■ **DATA SHOWN**:
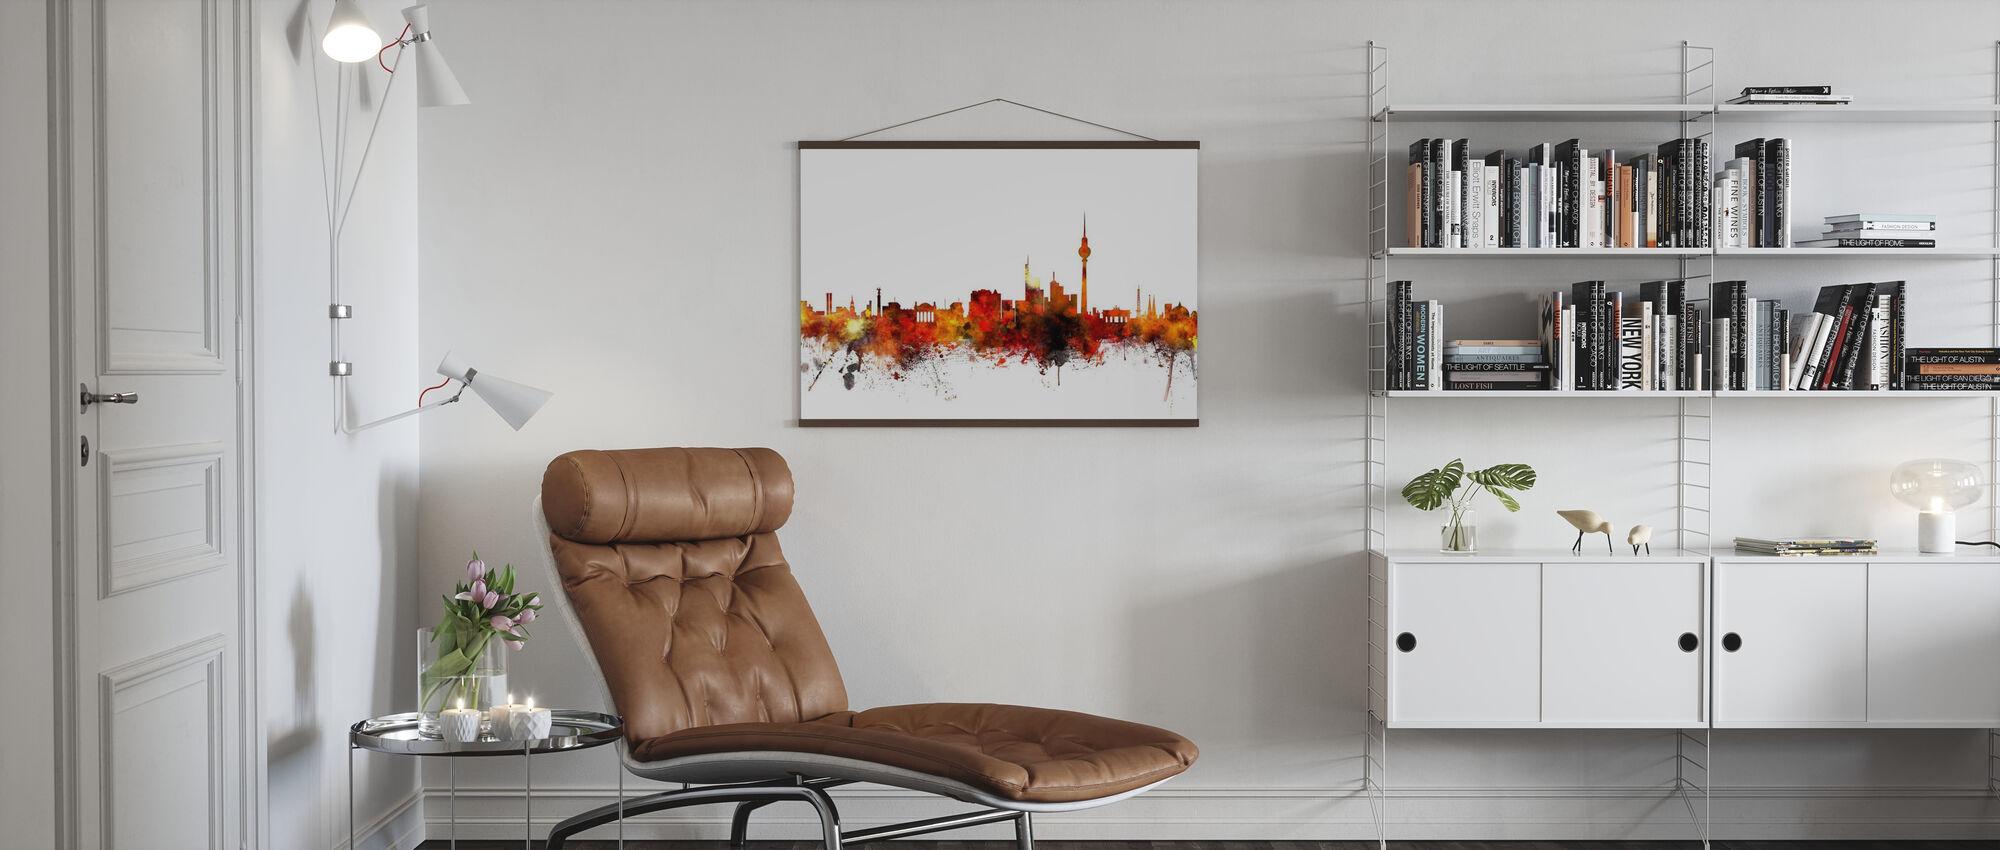 Berlin Skyline 2 - Poster - Living Room
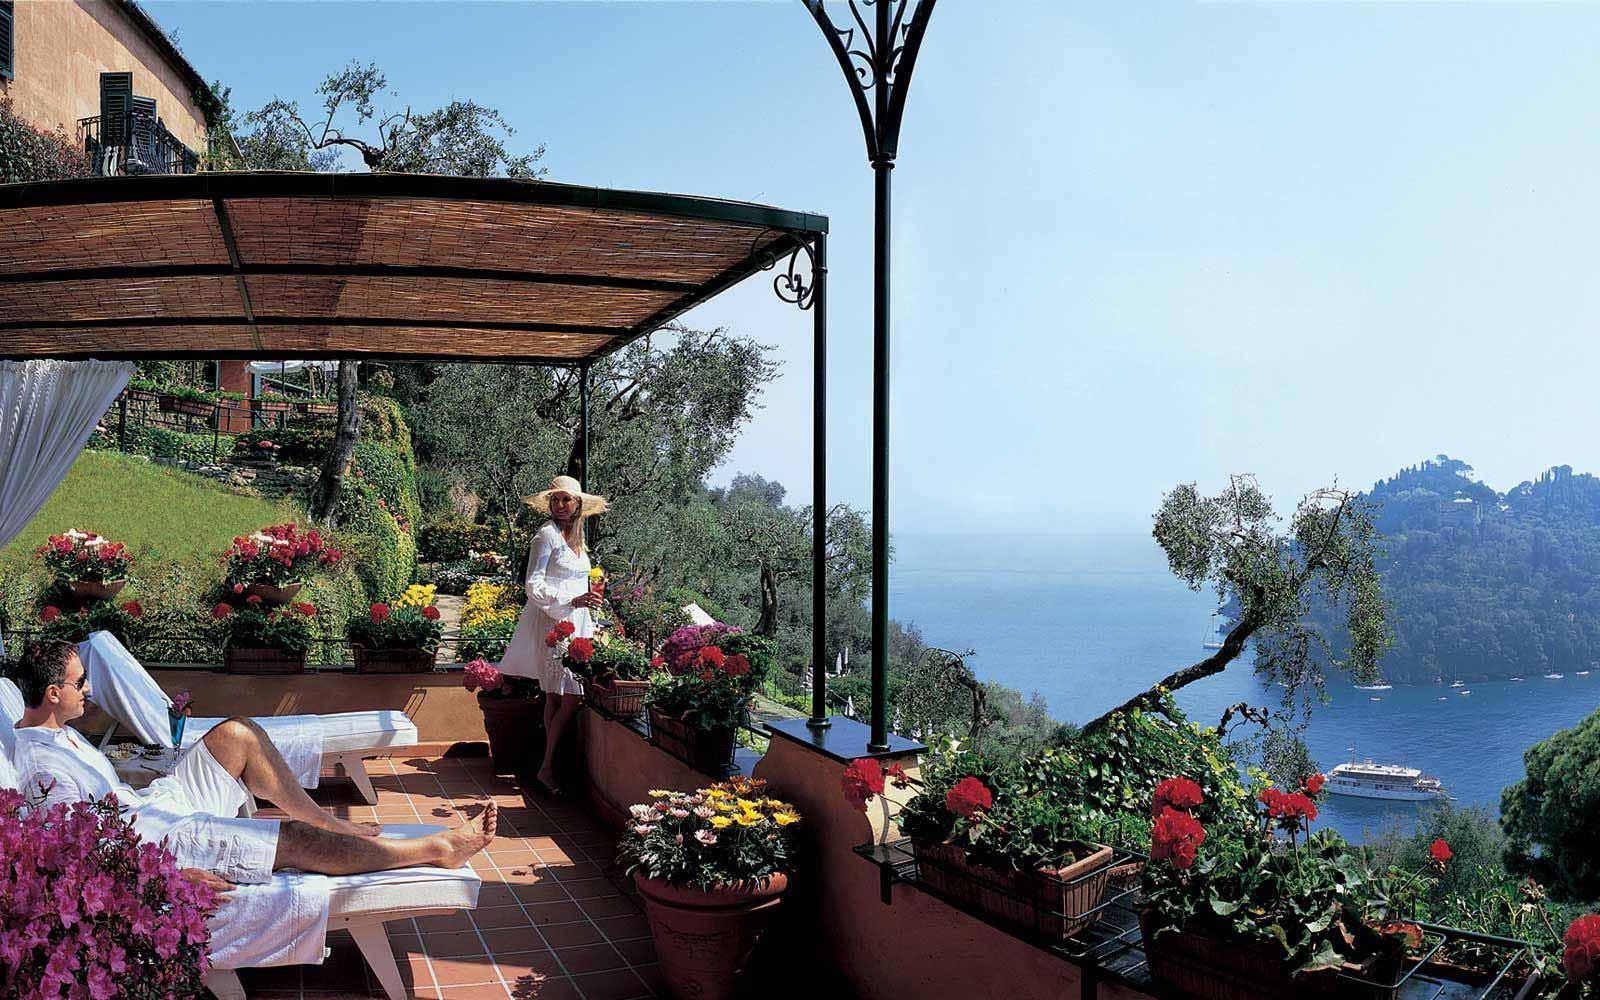 Terrace at Belmond Hotel Splendido & Splendido Mare
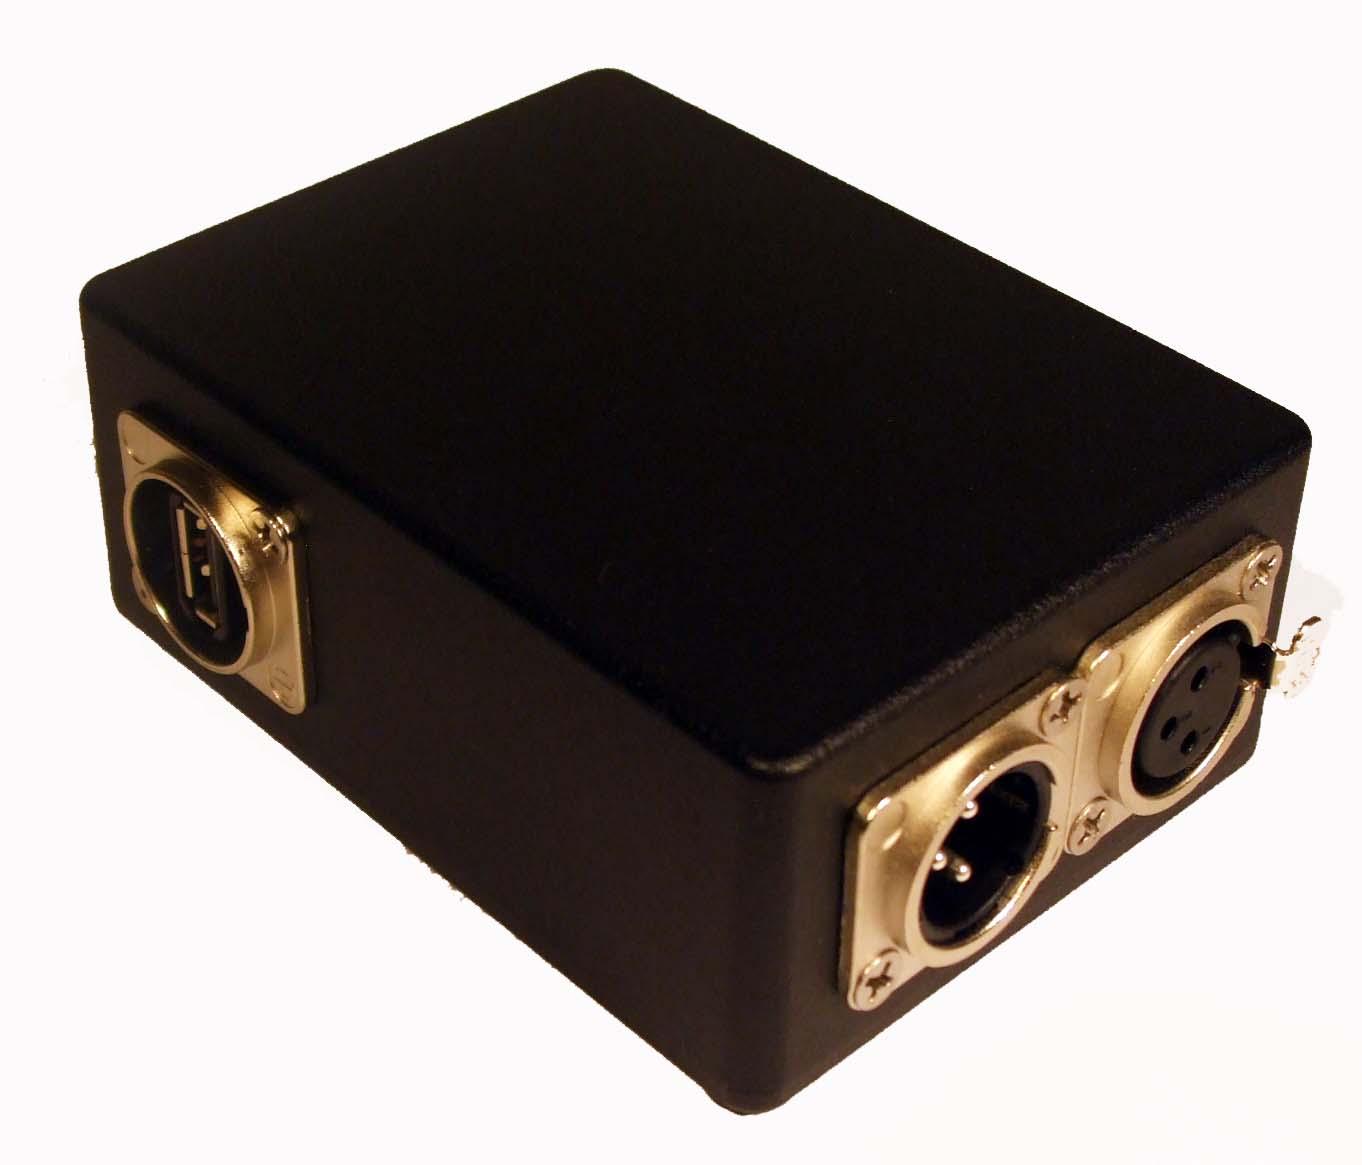 The intercom alert less disruptive than strobes or buzzers

■ **EXERCISE DESCRIPTION**: Beginning with the line that contains "Terrace at Belmond" and ending with the final line of the listing, return each line exactly. Omit all pictures.

■ **RESULT OF THIS EXERCISE**:
 Terrace at Belmond Hotel Splendido & Splendido Mare
 The intercom alert less disruptive than strobes or buzzers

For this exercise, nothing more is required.